2.4. Production, distribution and consumption in viable economic networks
Focusing on the dynamics of markets and industries in
economic networks, special attention will be given to the evolution of
market structures driven by strategic alliances or network coalitions,
by patent, brand names and other forms of intellectual property rights,
or by the introduction of new technologies like e-marketing, in the battle
for market access and power. The economic dynamics is the aggregate outcome
of a dispersed set of interactions, whose "neighbourhood" or "niche" structure
constitutes one of the main objects of the analysis. Interactions
in market networks are generally not controlled by a centralized entity,
but are shaped by mechanisms of both competition and coordination among
firms. Thus, strategies, behaviours and actions continuously evolve as
agents accumulate experience in their attempt to cope with a permanently
changing landscape. In such settings heterogeneity is indeed a fundamental
source of innovation and drives the evolution of economic networks. The
development of techniques that allow to correctly deal with the notion
of heterogeneity and evolving networks is one of the challenges not rigorously
addressed before.
Increasingly production and consumption of economic goods
are dependent on global distribution chains, based on transport networks
for energy and materials as well as virtual networks for information flow.
The abuse of monopsony power in international distribution chains might
have a detrimental effect on the long term viability of markets and raises
concern about fair competition. Since the organisation of distribution
networks has profound effects on the way the production is organized in
a worldwide scale and, at the same time, often localized, research on a
viable network designs provides new principles and criteria usable for
definition and implementation of anti-trust policies.

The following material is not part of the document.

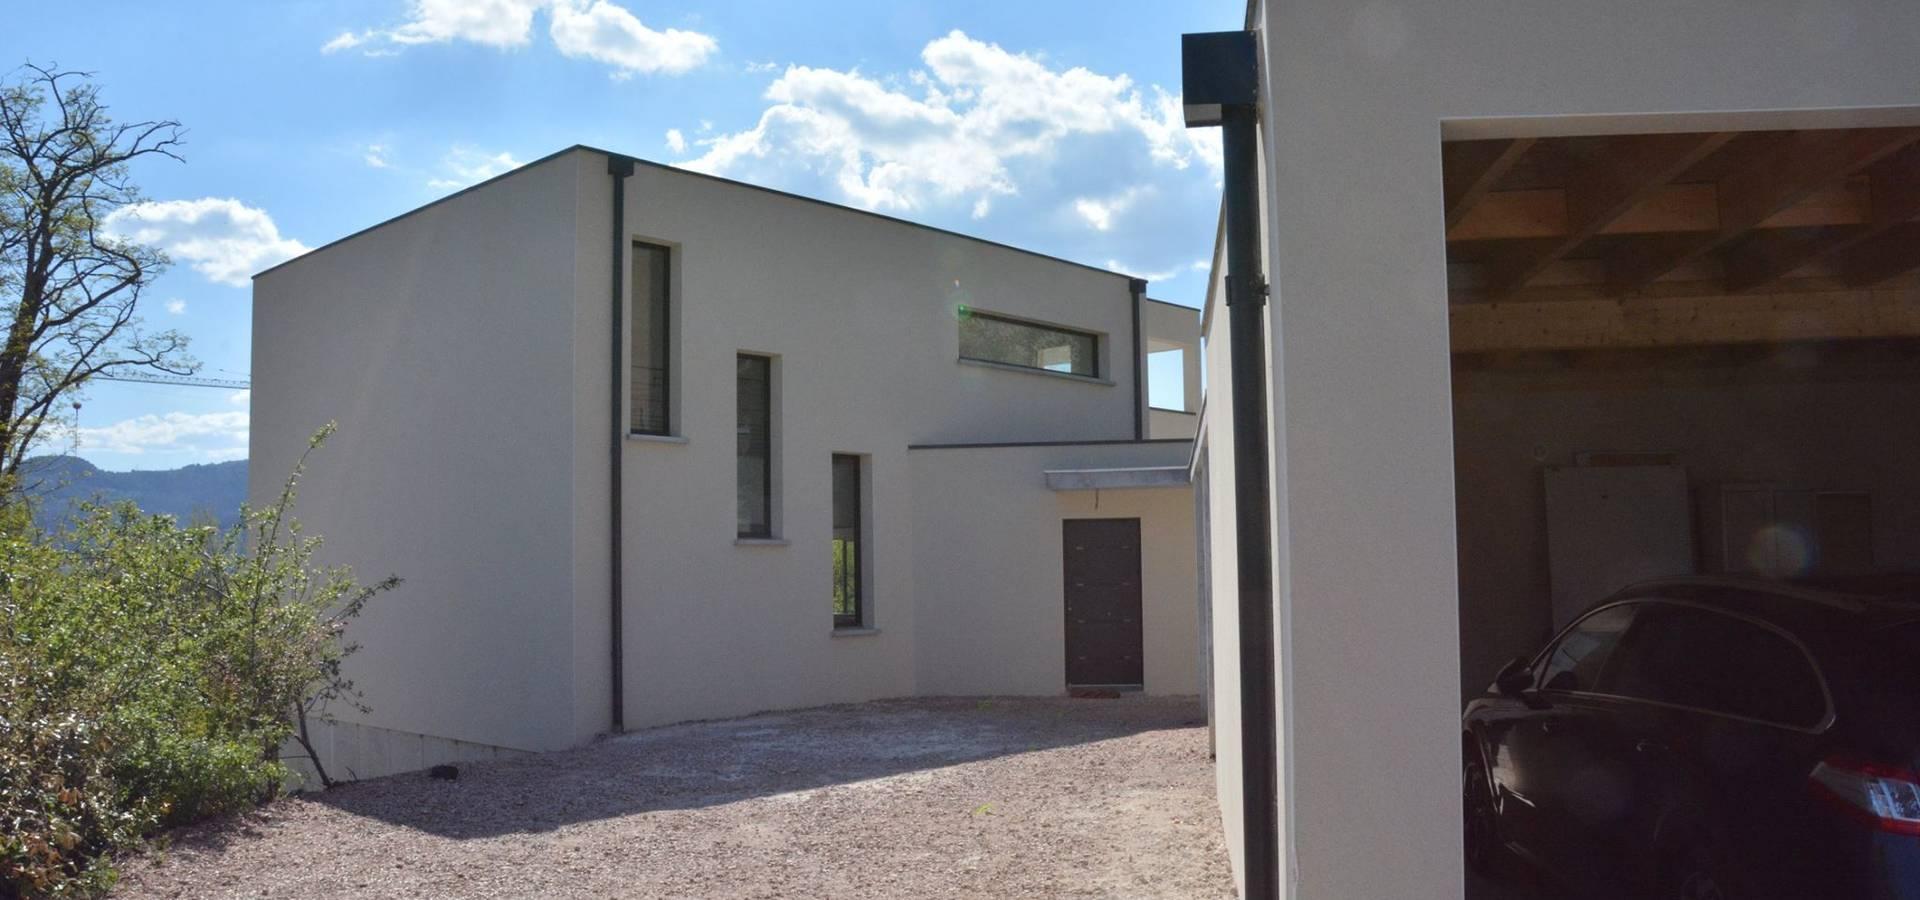 Maison moderne à Clermont-Ferrand von Créaxia | homify

3. Methodological development
In parallel to new insights in the domains of the case
studies fostered by the common theoretical framework, their demands and
observations will in turn contribute to the transfer of the general concept
of viable complex networks (VCN) into a well-established theory. This effect
will be twofold: first, theoretical concepts are refined or newly developed
and mathematical theorems about their interconnections will be proved.
Second, these theoretical improvements will coagulate to software tools
that can be directly applied to the case studies as well as forthcoming
applications. Only few numerical tools of this kind are available at present.
The wide spectrum of motivating applications and case
studies requires a coherent interdisciplinary approach for abstracting
the relevant features common to these systems in order to assess, design
and manage evolving complex networks. Although many physicists and system
engineers do tackle some of the above problems with existing tools, few
applied mathematicians are engaged in designing new tools dedicated to
these questions. A group of applied mathematicians is strongly involved
in the multidisciplinary team in charge of this project, to master the
challenge of developing an integrated theoretical framework of viable complex
networks, developing a set of formal tools and innovative mathematical
techniques based on non-linear dynamics, qualitative differential equations,
viability theory, differential inclusions and hybrid control.
The project follows an innovative yet risky path in order
to develop the envisioned framework for complex system analysis, management
and control. Most likely, the project is expected to enhance state-of-the-art
knowledge in the case studies and to improve the efficiency of numerical
methods that implement viability theory. The approach that we have chosen
is highly promising to achieve the ambitious goals and generate benefits,
both for the project partners and other users of the results as well.